**Goal of the exercise:** Please reproduce the listing verbatim, without its images.

**Given information:**
----------------------------------------

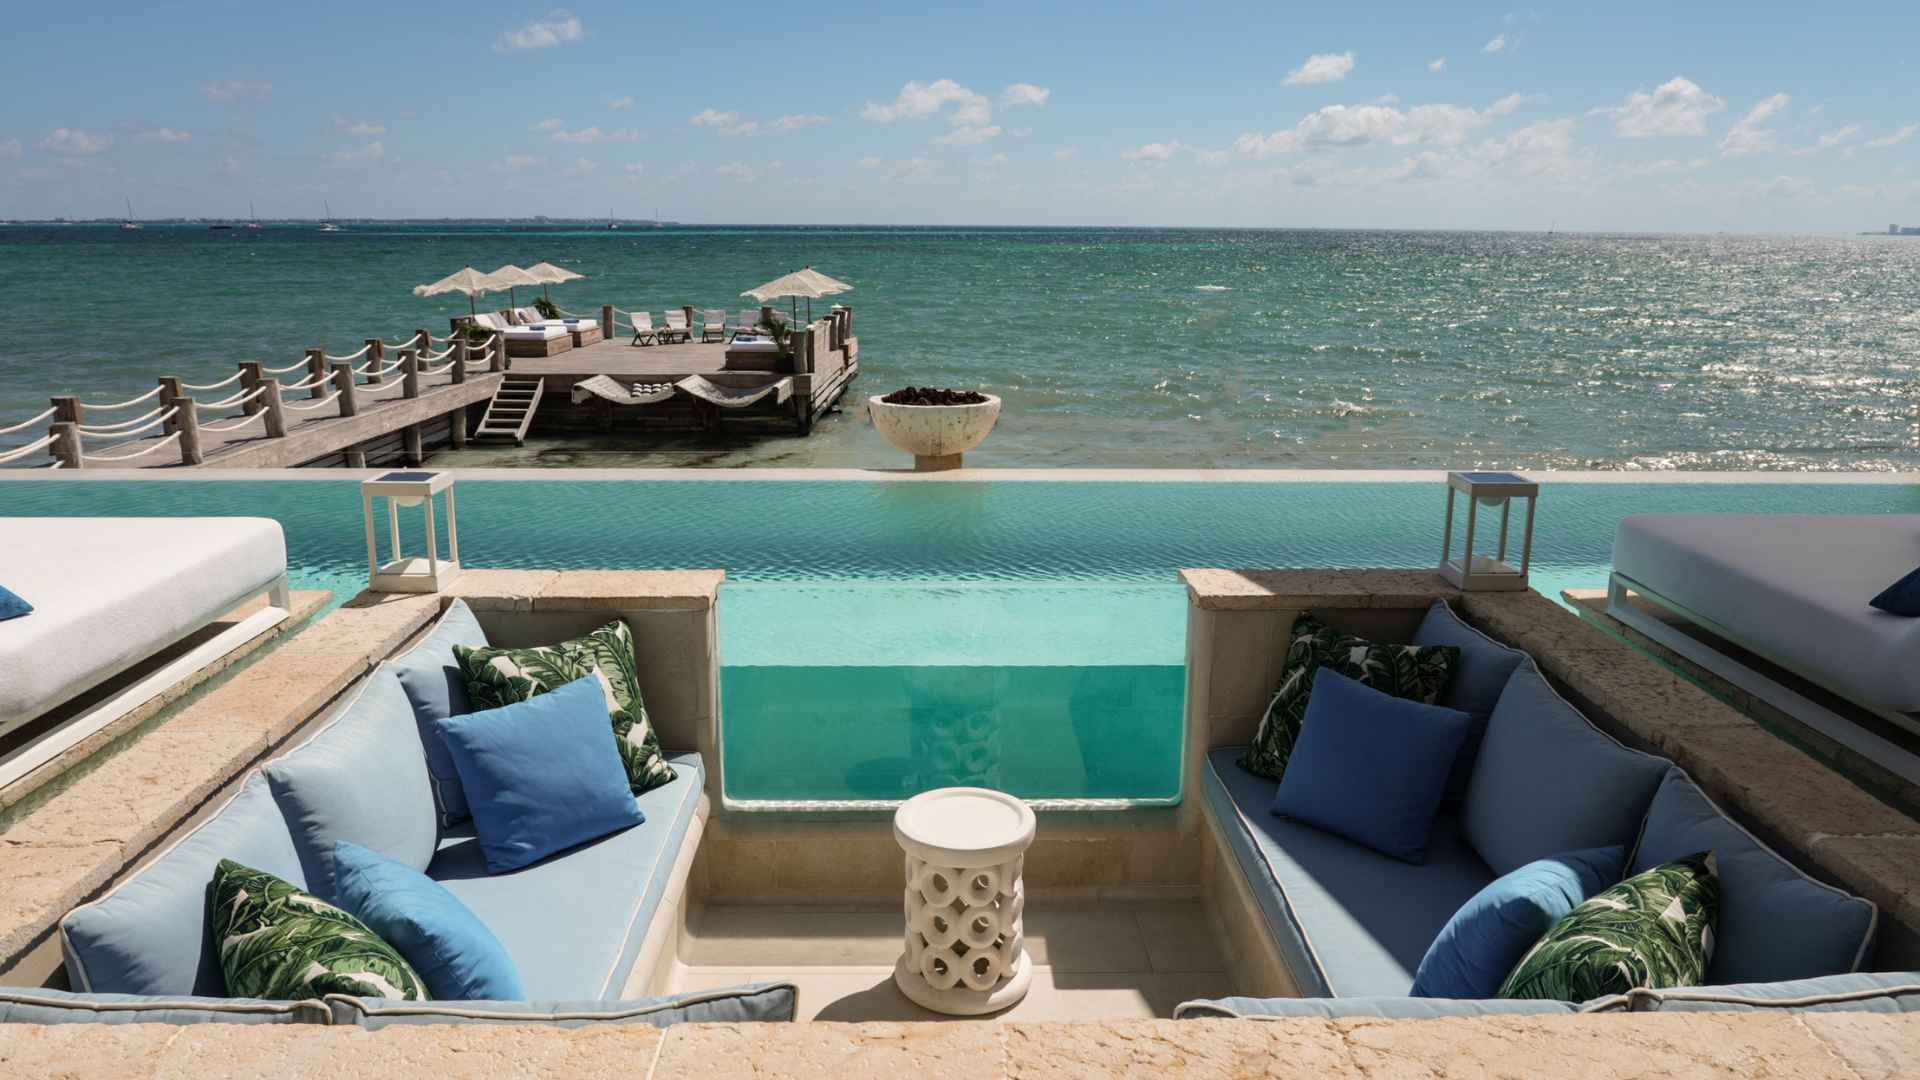 Villa Sha - Cancun
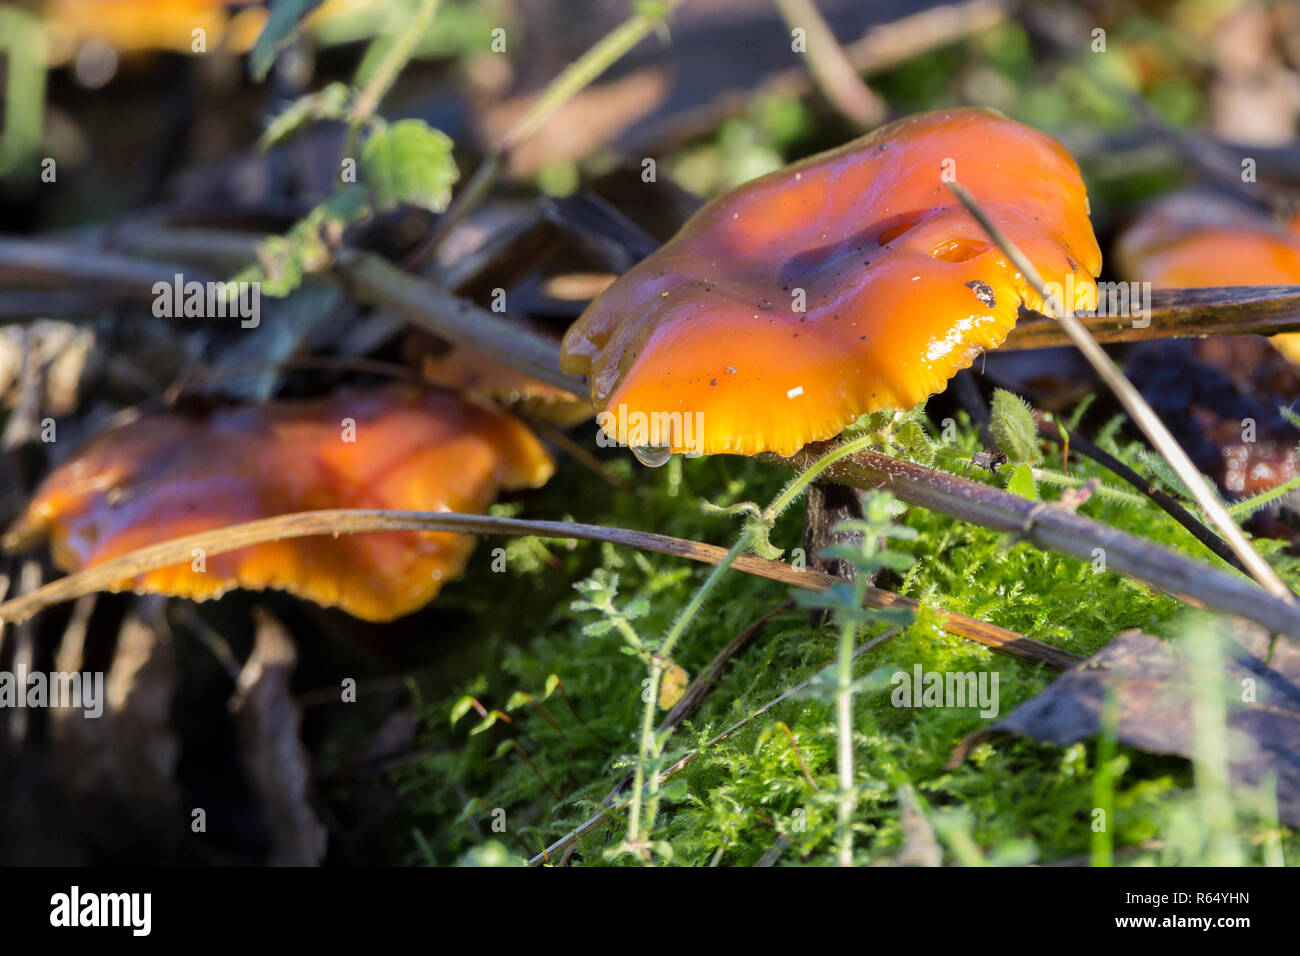 Funghi giallo arancione in formato paesaggio grande lucido sguardo bagnato jelly tipo tappi sul vecchio legno morto forest floor radura. Diversi funghi sui muschi. Foto Stock
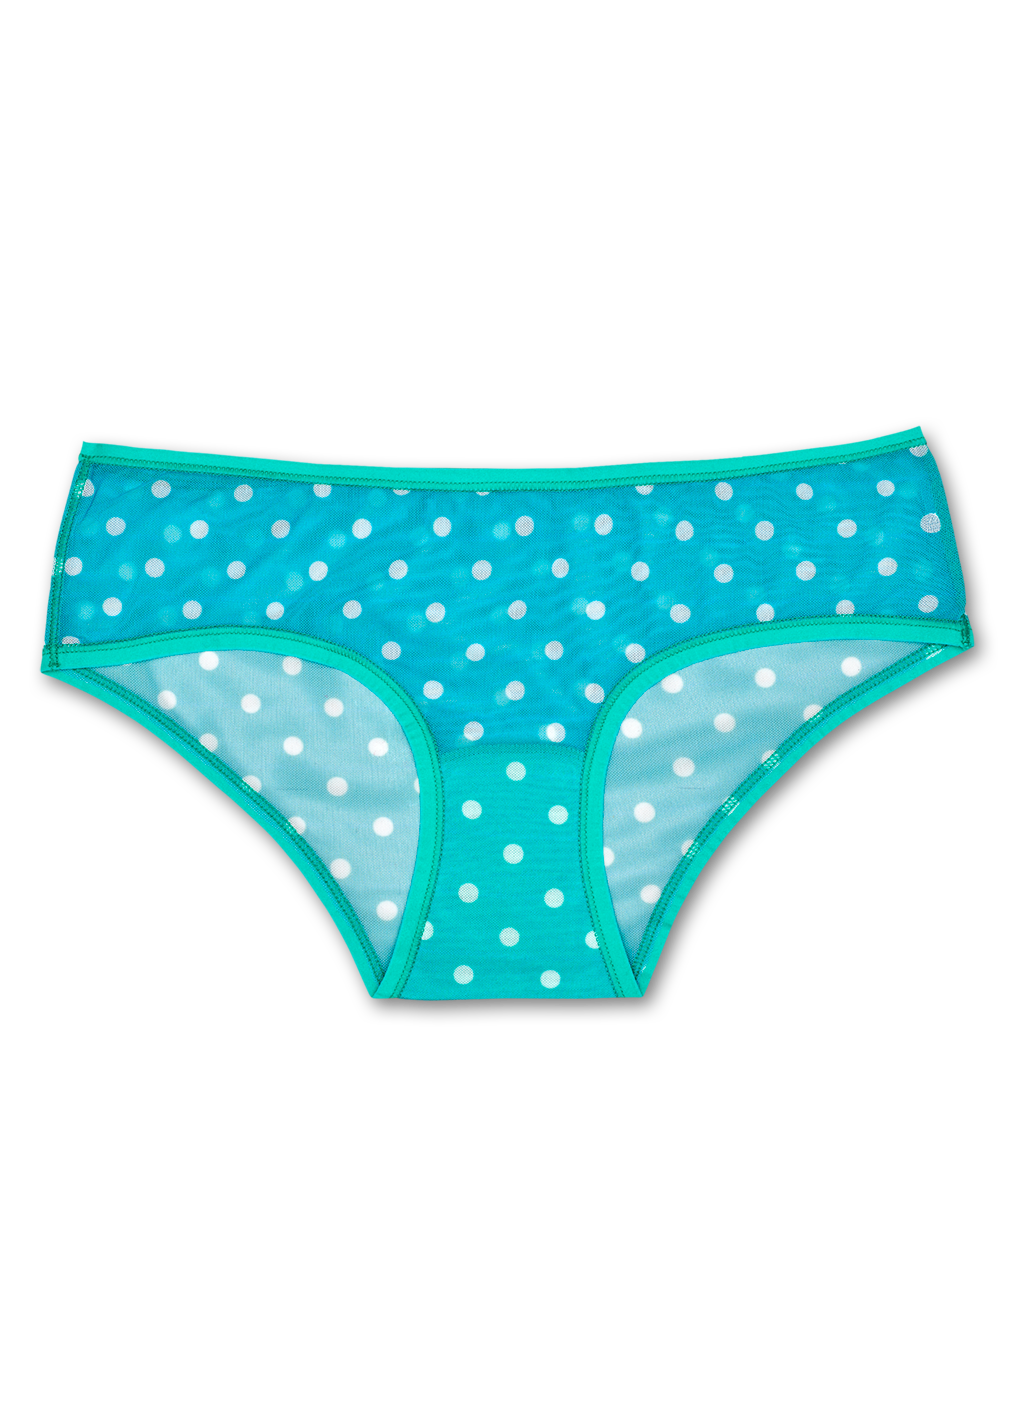 Women's Mesh Underwear: Turquoise Dot style | Happy Socks
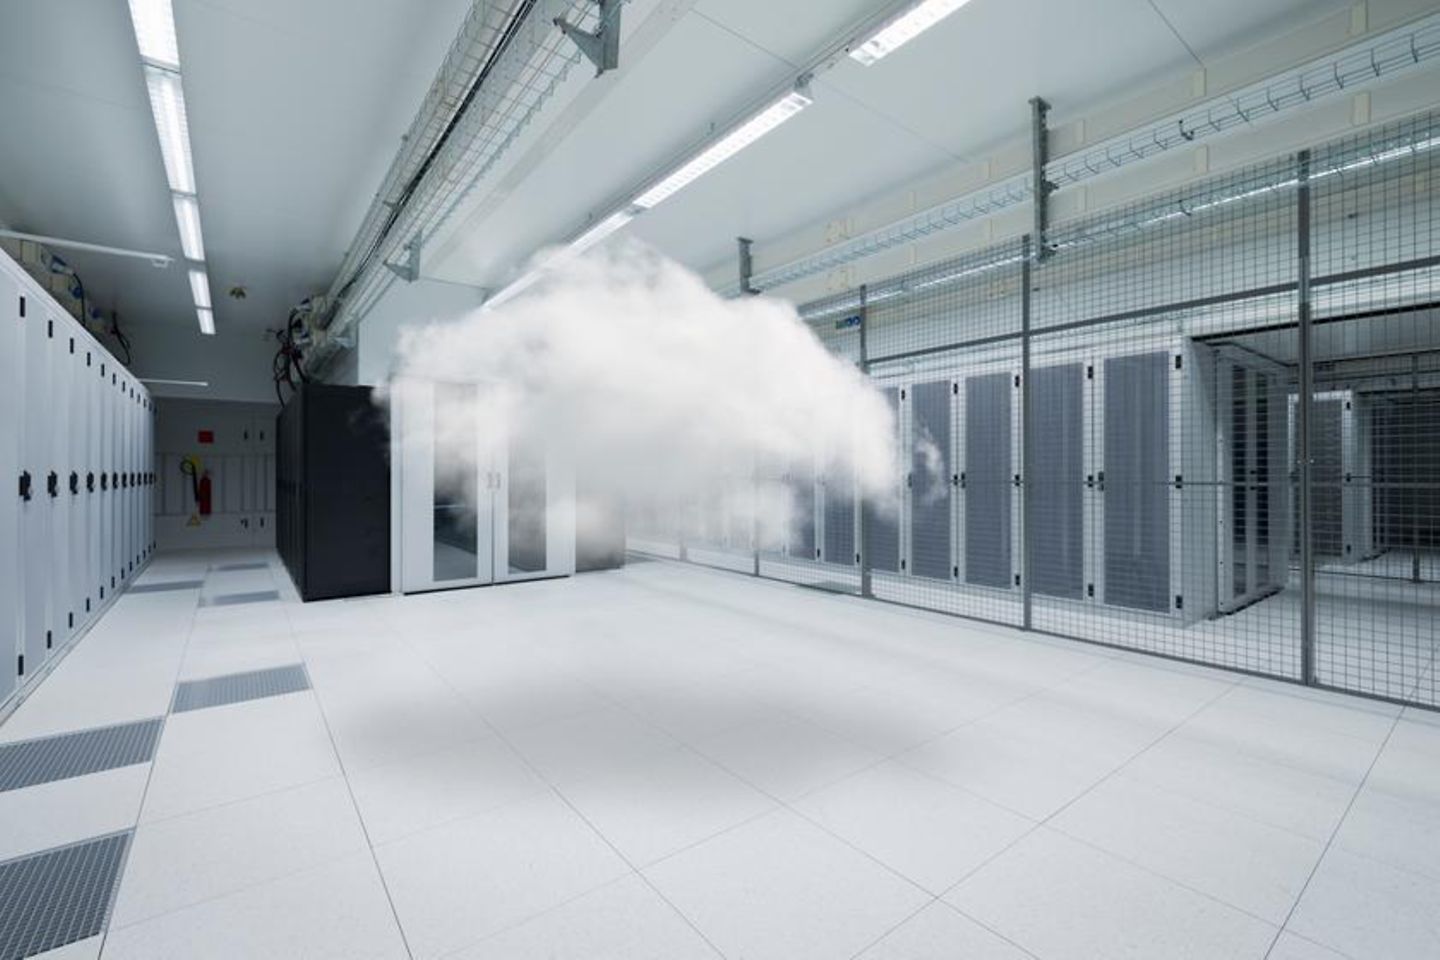 Clouds in a server basement

----------------------------------------

**Completed task:**
 Villa Sha - Cancun
 Funghi giallo arancione in formato paesaggio grande lucido sguardo bagnato jelly tipo tappi sul vecchio legno morto forest floor radura. Diversi funghi sui muschi. Foto Stock
 Women's Mesh Underwear: Turquoise Dot style | Happy Socks
 Clouds in a server basement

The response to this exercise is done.